■ Dataset section
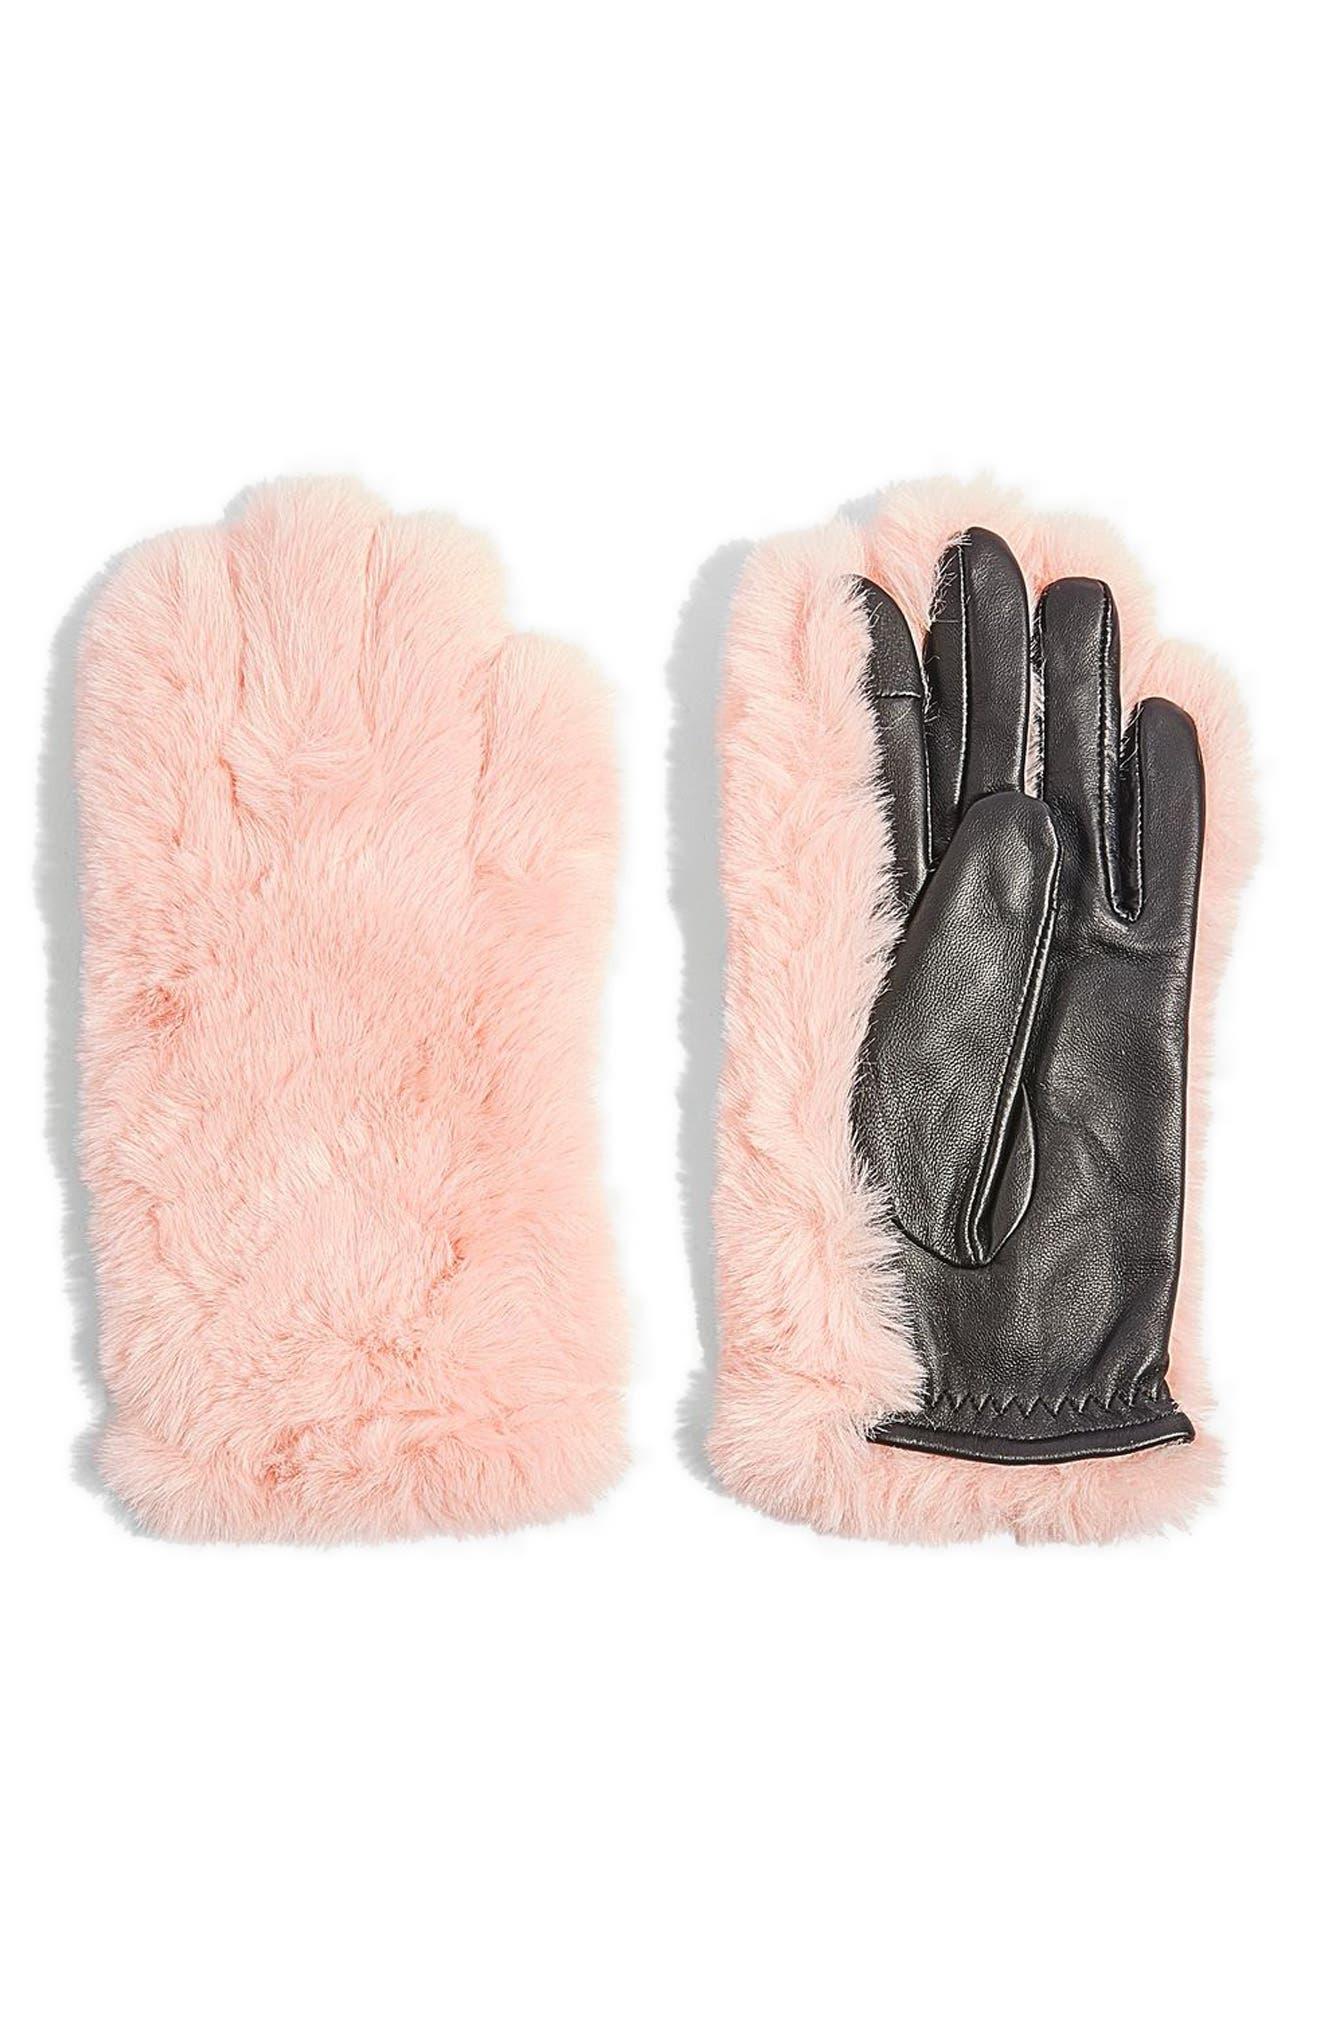 Main Image - Topshop Faux Fur & Leather Gloves
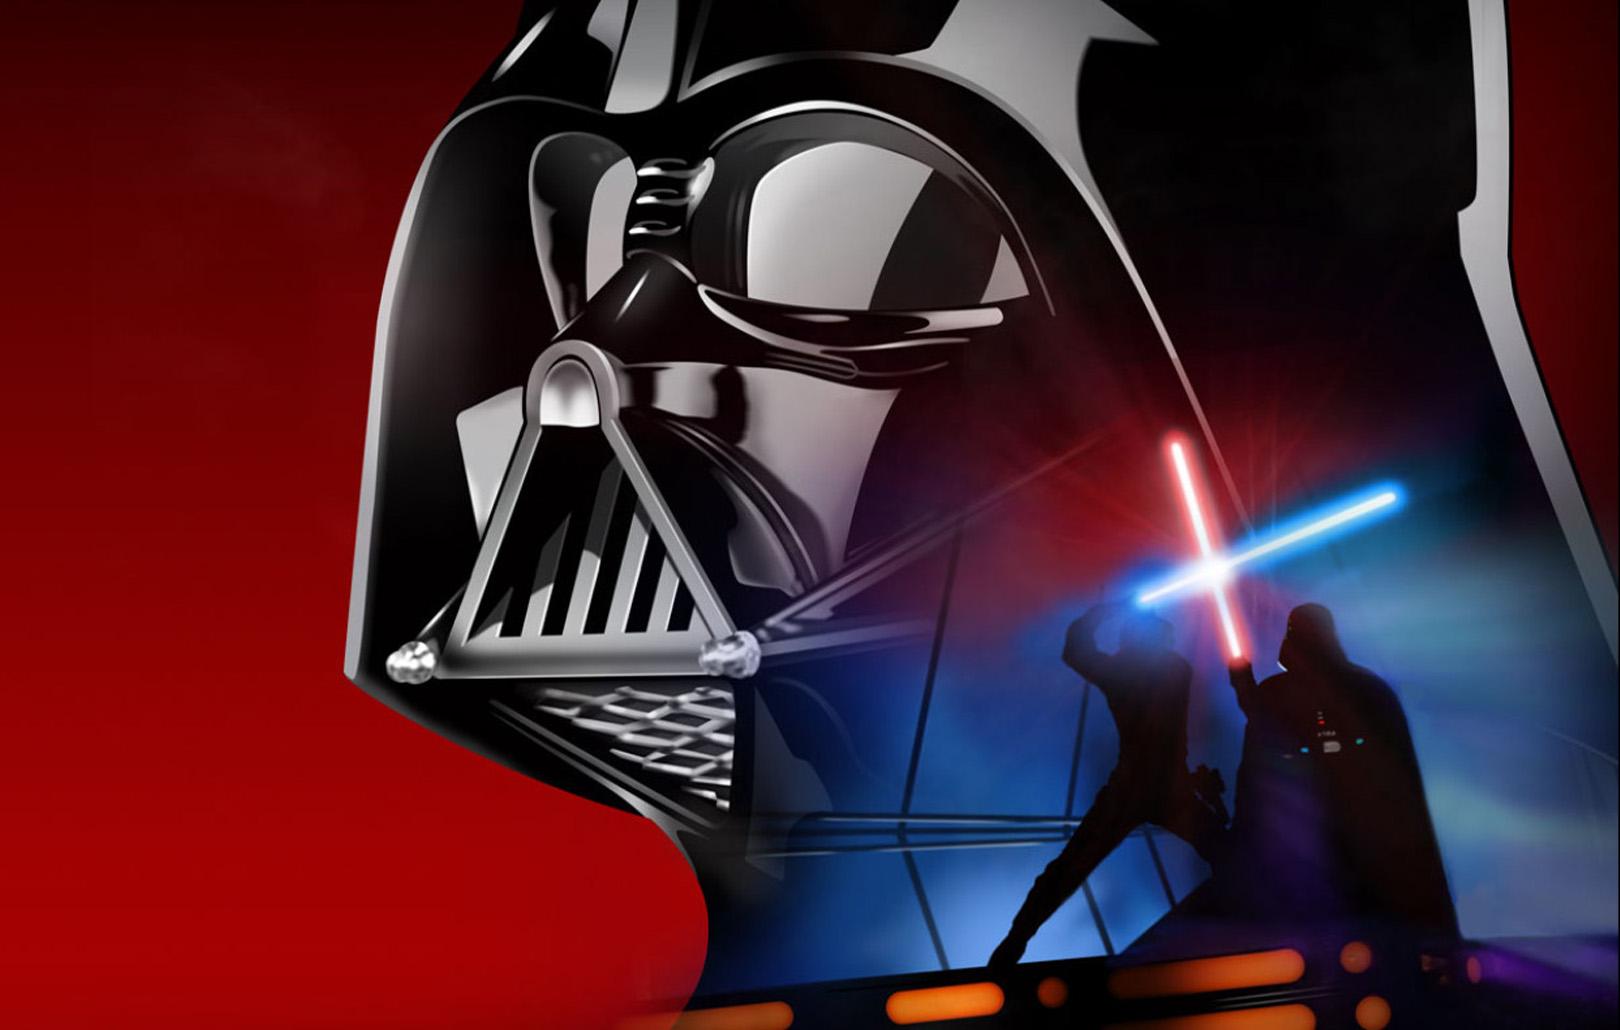 Звёздные войны: все части
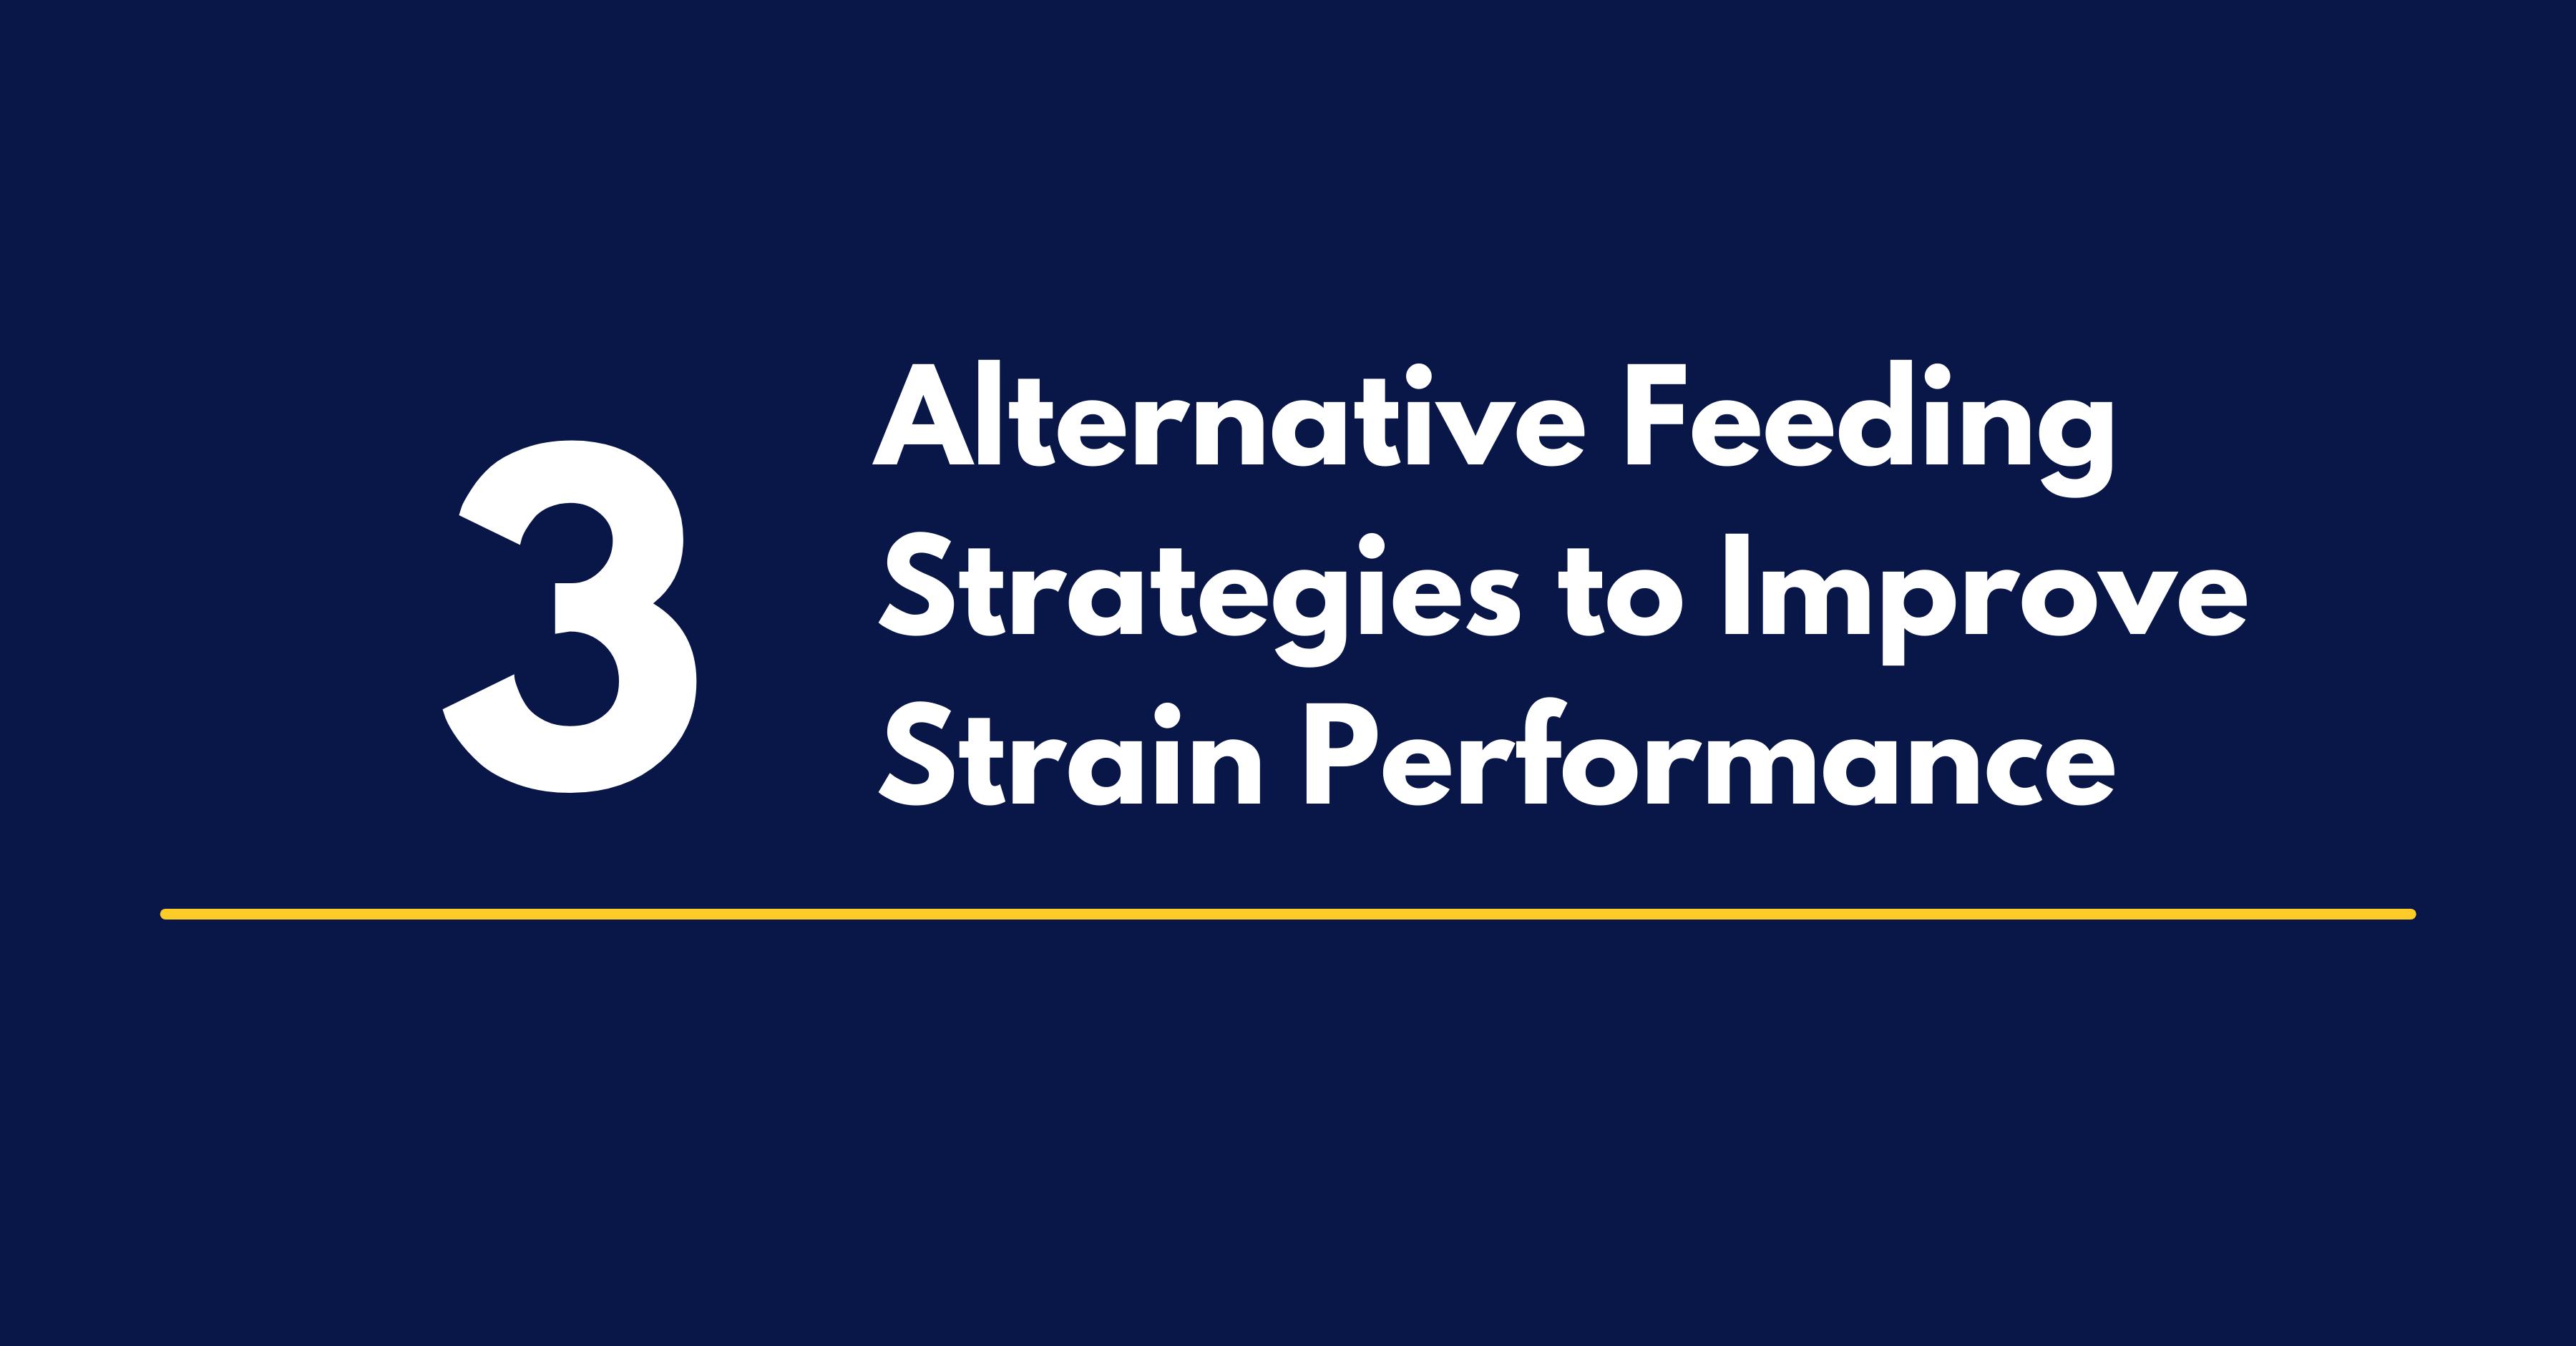 3 Alternative Feeding Strategies to Improve Strain Performance

■ Task item
The data must be repeated exactly. Any pictures in it are to be left out.

■ Your solution
 Main Image - Topshop Faux Fur & Leather Gloves
 Звёздные войны: все части
 3 Alternative Feeding Strategies to Improve Strain Performance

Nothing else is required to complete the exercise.